### WHAT THE TASK ASKS
Please reproduce the entries below exactly, starting at the first line and ending with the line that holds "浓浓传统文化节目 绽放古典歌舞魅力——铁路小学举行庆元旦活动".

### MATERIAL FOR THIS EXERCISE
────────────────
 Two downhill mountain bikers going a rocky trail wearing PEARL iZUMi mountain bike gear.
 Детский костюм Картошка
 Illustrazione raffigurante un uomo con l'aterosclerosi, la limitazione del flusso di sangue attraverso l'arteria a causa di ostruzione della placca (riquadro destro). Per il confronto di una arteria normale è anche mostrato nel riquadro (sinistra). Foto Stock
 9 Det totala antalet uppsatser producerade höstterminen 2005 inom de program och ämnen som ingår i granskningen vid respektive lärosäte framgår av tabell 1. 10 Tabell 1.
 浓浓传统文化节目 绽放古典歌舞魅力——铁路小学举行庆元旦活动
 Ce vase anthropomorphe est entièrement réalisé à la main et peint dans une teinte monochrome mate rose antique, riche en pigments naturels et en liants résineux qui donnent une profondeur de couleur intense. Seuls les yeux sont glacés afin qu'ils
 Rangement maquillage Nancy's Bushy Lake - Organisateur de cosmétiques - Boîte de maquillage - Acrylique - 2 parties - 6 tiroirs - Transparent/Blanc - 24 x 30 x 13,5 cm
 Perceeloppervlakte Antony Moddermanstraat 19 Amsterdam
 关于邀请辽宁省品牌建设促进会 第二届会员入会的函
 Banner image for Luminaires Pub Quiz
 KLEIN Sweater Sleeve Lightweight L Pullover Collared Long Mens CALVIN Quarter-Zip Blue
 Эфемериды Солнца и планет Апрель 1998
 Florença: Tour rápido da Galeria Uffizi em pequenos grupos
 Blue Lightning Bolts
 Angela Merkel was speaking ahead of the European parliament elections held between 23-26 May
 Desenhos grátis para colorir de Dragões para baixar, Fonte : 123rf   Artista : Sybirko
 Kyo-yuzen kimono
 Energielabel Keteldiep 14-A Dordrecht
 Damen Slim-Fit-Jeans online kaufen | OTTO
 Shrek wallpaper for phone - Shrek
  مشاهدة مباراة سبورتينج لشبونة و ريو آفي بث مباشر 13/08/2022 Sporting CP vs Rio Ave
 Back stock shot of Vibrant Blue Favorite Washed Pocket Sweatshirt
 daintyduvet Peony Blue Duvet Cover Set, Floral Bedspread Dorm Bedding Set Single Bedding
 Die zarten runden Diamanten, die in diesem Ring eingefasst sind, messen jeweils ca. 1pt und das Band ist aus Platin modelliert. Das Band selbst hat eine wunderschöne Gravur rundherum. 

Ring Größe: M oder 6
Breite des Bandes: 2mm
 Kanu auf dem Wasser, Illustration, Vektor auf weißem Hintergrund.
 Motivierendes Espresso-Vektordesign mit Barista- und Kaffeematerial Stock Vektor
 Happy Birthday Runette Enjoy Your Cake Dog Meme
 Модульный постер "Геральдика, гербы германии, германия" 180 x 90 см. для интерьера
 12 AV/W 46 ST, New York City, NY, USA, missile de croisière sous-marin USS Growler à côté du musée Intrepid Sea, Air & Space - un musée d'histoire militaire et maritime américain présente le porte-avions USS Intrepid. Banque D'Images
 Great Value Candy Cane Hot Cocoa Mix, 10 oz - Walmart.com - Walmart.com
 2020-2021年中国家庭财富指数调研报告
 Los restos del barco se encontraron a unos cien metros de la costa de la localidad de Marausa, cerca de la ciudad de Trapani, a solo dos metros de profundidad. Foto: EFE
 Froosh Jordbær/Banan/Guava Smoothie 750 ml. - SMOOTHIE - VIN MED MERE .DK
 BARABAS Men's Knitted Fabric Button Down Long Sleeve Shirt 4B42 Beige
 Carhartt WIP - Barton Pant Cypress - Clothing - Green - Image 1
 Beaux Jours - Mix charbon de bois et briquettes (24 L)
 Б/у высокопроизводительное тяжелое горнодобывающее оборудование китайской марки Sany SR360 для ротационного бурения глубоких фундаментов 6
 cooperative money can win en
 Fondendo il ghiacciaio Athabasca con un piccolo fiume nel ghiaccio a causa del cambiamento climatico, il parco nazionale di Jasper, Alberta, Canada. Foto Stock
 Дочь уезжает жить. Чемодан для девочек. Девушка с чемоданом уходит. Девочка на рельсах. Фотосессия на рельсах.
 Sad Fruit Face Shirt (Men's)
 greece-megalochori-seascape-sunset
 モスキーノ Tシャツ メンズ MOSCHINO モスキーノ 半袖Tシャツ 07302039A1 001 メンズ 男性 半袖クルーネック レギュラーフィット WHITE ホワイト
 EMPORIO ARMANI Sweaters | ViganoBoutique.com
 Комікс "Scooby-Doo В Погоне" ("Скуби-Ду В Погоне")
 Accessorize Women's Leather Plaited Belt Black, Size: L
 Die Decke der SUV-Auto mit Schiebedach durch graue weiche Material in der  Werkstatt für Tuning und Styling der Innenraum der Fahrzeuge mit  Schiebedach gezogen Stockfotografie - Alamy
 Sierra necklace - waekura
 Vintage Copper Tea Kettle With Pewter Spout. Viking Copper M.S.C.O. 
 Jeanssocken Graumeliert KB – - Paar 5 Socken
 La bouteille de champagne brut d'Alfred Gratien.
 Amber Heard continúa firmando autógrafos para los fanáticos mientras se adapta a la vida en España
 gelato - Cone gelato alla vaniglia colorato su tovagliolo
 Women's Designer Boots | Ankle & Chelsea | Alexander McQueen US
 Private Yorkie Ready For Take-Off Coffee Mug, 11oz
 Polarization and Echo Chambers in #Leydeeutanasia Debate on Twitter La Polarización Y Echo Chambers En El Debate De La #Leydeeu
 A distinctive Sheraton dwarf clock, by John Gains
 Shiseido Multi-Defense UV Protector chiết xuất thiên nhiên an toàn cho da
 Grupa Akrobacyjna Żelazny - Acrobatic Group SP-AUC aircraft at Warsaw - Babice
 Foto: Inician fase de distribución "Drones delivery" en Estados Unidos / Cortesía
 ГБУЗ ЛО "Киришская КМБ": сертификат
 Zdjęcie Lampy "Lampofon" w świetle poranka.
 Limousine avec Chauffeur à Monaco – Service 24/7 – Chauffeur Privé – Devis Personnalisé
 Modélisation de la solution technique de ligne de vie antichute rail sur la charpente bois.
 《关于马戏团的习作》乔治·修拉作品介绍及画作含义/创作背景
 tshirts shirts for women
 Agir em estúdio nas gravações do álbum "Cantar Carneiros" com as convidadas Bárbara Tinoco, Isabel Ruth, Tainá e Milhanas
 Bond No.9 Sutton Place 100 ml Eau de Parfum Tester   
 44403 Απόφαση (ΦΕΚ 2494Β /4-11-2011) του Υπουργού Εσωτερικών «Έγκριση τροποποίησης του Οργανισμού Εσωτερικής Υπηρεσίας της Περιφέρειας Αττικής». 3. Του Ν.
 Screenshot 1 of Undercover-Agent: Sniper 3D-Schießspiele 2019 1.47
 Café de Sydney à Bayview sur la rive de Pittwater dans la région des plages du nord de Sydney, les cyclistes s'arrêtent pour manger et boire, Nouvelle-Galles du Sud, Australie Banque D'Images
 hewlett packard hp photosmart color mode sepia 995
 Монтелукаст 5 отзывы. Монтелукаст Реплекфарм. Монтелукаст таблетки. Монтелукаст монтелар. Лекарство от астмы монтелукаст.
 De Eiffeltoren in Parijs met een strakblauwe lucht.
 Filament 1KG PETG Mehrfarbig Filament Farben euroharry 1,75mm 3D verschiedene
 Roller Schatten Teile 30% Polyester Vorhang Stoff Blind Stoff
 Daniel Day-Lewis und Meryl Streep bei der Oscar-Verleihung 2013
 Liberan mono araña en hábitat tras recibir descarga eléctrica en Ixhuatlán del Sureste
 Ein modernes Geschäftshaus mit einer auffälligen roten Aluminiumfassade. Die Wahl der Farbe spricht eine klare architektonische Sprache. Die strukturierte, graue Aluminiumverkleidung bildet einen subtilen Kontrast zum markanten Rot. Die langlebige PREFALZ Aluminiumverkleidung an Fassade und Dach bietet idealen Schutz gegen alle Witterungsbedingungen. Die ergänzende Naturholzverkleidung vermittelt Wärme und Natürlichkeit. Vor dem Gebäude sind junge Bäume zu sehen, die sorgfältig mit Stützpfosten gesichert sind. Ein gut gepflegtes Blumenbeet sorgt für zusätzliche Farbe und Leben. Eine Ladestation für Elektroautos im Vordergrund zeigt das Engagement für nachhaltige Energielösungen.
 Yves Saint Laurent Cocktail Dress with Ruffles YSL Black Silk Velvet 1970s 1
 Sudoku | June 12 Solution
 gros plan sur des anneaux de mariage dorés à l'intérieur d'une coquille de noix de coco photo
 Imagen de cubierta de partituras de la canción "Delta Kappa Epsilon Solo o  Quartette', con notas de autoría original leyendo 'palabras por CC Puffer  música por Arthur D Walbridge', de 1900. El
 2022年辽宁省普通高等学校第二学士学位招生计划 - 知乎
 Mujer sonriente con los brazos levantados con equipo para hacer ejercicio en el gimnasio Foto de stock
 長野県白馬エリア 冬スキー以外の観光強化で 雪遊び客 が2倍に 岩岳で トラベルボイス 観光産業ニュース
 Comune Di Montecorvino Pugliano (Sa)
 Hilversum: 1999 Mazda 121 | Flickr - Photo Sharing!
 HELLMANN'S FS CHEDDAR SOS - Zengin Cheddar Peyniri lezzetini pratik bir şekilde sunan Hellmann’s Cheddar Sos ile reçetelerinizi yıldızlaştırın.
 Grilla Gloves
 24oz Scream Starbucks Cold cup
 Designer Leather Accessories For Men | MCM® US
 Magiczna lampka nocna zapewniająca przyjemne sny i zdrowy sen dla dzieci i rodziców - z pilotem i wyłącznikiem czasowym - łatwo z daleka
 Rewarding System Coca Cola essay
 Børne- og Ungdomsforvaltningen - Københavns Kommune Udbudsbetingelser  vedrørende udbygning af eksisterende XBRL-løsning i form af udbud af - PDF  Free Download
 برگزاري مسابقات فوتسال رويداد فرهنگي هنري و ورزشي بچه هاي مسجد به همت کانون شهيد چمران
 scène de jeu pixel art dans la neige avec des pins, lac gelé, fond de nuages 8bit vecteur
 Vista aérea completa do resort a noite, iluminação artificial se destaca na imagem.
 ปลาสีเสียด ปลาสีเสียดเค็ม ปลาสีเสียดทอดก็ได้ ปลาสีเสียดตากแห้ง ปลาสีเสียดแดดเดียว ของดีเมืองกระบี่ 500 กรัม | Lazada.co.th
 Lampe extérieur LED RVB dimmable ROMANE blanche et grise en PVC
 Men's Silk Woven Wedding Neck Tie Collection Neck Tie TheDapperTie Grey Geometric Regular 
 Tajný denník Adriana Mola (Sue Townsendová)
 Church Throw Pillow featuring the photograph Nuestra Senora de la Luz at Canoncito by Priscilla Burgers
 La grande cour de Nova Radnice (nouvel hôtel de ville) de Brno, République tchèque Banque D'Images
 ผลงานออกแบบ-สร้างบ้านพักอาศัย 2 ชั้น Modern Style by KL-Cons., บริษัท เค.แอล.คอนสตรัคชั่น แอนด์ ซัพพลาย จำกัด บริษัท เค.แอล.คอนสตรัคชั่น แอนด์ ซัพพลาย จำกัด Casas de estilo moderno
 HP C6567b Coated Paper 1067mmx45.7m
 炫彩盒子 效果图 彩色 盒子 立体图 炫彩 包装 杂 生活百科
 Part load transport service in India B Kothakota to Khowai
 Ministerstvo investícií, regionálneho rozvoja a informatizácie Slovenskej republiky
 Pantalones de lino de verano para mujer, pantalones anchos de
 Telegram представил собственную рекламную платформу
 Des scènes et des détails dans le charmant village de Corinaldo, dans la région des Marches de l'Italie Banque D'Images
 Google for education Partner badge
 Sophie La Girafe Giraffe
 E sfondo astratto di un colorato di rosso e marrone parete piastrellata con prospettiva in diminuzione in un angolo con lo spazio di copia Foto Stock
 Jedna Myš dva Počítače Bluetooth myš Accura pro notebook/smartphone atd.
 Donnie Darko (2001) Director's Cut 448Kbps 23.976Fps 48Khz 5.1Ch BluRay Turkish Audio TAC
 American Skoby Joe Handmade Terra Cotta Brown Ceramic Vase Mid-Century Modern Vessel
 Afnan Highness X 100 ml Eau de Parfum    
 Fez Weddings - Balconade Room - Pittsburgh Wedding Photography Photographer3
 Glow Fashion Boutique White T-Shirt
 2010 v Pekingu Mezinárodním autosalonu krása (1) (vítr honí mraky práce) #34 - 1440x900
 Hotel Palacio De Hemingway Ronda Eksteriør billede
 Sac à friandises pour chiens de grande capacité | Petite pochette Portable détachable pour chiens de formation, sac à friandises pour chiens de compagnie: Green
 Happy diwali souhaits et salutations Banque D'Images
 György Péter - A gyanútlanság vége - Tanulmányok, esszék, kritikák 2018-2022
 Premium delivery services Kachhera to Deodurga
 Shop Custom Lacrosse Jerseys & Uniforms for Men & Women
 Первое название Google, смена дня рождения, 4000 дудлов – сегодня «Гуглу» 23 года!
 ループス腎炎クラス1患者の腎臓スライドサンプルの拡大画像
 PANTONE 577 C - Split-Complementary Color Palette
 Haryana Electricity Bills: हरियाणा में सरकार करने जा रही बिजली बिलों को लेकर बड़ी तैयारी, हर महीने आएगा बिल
────────────────
### THE ANSWER
 Two downhill mountain bikers going a rocky trail wearing PEARL iZUMi mountain bike gear.
 Детский костюм Картошка
 Illustrazione raffigurante un uomo con l'aterosclerosi, la limitazione del flusso di sangue attraverso l'arteria a causa di ostruzione della placca (riquadro destro). Per il confronto di una arteria normale è anche mostrato nel riquadro (sinistra). Foto Stock
 9 Det totala antalet uppsatser producerade höstterminen 2005 inom de program och ämnen som ingår i granskningen vid respektive lärosäte framgår av tabell 1. 10 Tabell 1.
 浓浓传统文化节目 绽放古典歌舞魅力——铁路小学举行庆元旦活动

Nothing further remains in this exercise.